简体繁体 English

帮助搜索引擎架构.NET C＃

[英]Help with Search Engine Architecture .NET C#

原文 2009-08-13 20:48:47 7 4 c#/ .net/ search/ full-text-search/ lucene

I'm trying to create a search engine for all literature (books, articles, etc), music, and videos relating to a particular spiritual group. 我正在尝试为所有与特定精神群体相关的文学（书籍，文章等），音乐和视频创建搜索引擎。 When a keyword is entered, I want to display a link to all the PDF articles where the keyword appears, and also all the music files and video files which are tagged with the keyword in question. 输入关键字后，我想显示指向所显示关键字的所有PDF文章的链接，以及所有使用相关关键字标记的音乐文件和视频文件。 The user should be able to filter it with information such as author/artist, place, date/time, etc. When the user clicks on one of the results links (book names, for instance), they are taken to another page where snippets from that book everywhere the keyword is found are displayed. 用户应该能够使用诸如作者/艺术家，地点，日期/时间等信息对其进行过滤。
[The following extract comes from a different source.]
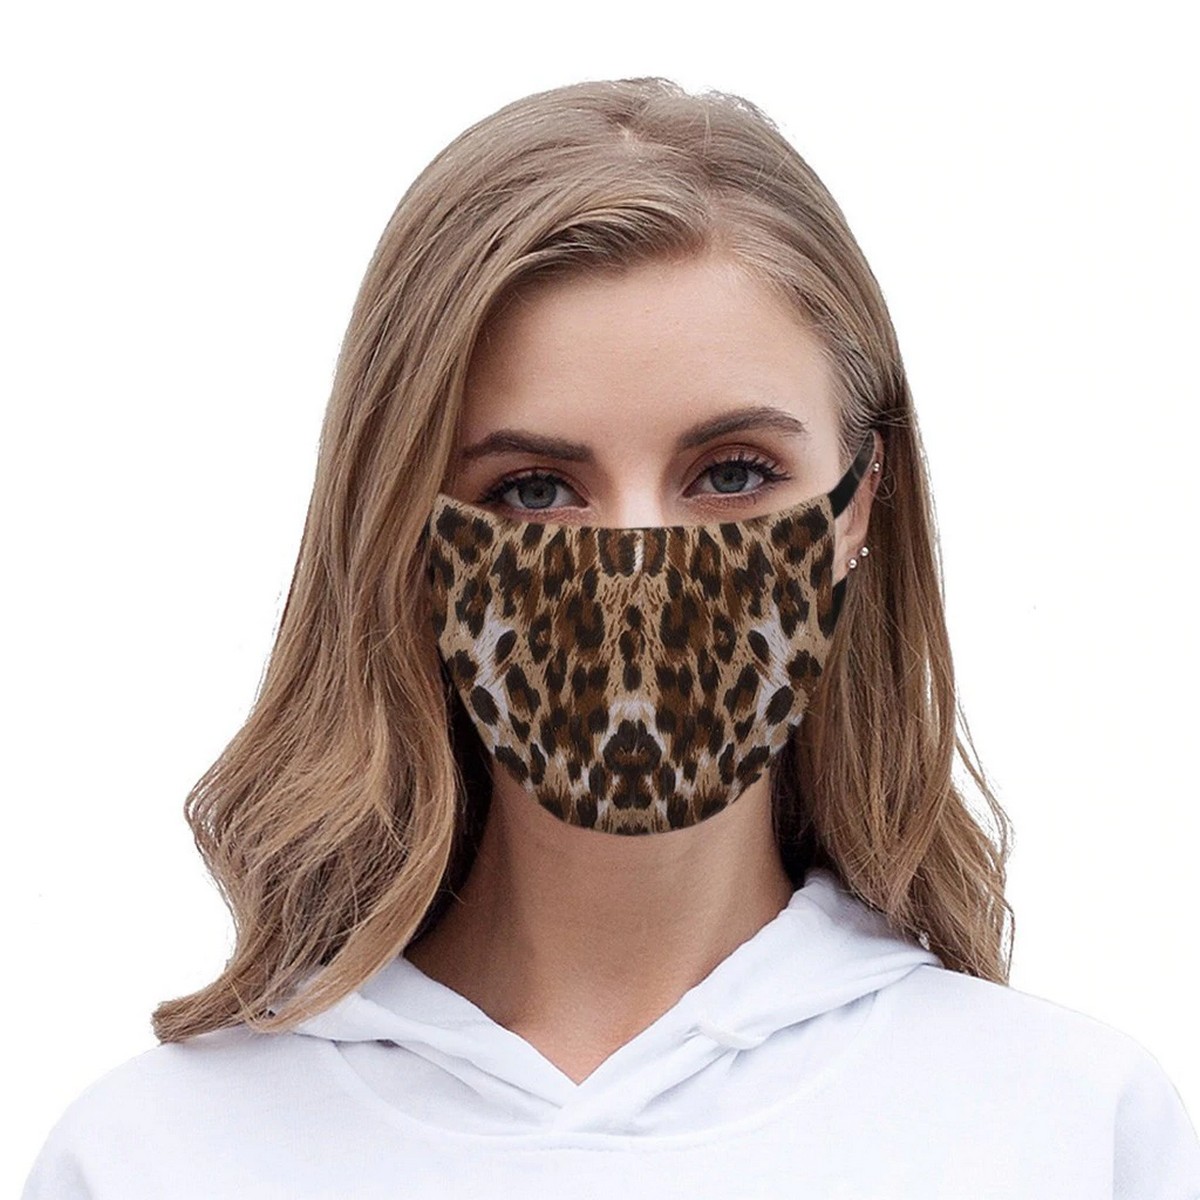 Leopard face mask

当用户点击其中一个结果链接（例如，书名）时，他们将被带到另一个页面，其中包含片段从那本书到处都可以找到关键字。

I thought of using the Lucene library (or Searcharoo) to implement my PDF search, but I also need a database to tag all the other information so that results can be filtered by author/artist information, etc. So I was thinking of having tables for Text, Music, and Videos, and a field containing the path to the file for each. 我想过使用Lucene库（或Searcharoo）来实现我的PDF搜索，但我还需要一个数据库来标记所有其他信息，以便结果可以通过作者/艺术家信息等进行过滤。所以我在考虑拥有表格用于文本，音乐和视频，以及包含每个文件路径的字段。 When a keyword is entered, I need to search the DB for music and video files, and also need to search the PDF's, and when a filter is applied, the music and video search is easy, but limiting the text search based on the filters is getting confusing. 输入关键字时，我需要在数据库中搜索音乐和视频文件，还需要搜索PDF文件，当应用过滤器时，音乐和视频搜索很容易，但是根据过滤器限制文本搜索越来越混乱。

Is my approach correct? 我的方法是否正确？ Are there better ways to do this? 有没有更好的方法来做到这一点？ Since the search content is limited only to the spiritual group, there is not an infinite number of items to search. 由于搜索内容仅限于精神群体，因此无需搜索无限数量的项目。 I'd say about 100-500 books and 1000-5000 songs. 我会说约100-500本书和1000-5000首歌。

4 个解决方案

Lucene is a great way to get up and running quickly without too much effort, along with several areas for extending the indexing and searching functionality to better suit your needs. Lucene是一种快速启动和运行而不需要太多努力的好方法，还有一些扩展索引和搜索功能的领域，以更好地满足您的需求。 It also has several built-in analyzers for common file types, such as HTML/XML, PDF, MS Word Documents, etc. 它还有几种用于常见文件类型的内置分析器，例如HTML / XML，PDF，MS Word文档等。

It provides the ability to use a variety of Fields, and they don't necessarily have to be uniform across all Documents (in other words, music files might have different attributes than text-based content, such as artist, title, length, etc.), which is great for storing different types of content. 它提供了使用各种字段的能力，并且它们不一定必须在所有文档中统一（换句话说，音乐文件可能具有与基于文本的内容不同的属性，例如艺术家，标题，长度等。。），非常适合存储不同类型的内容。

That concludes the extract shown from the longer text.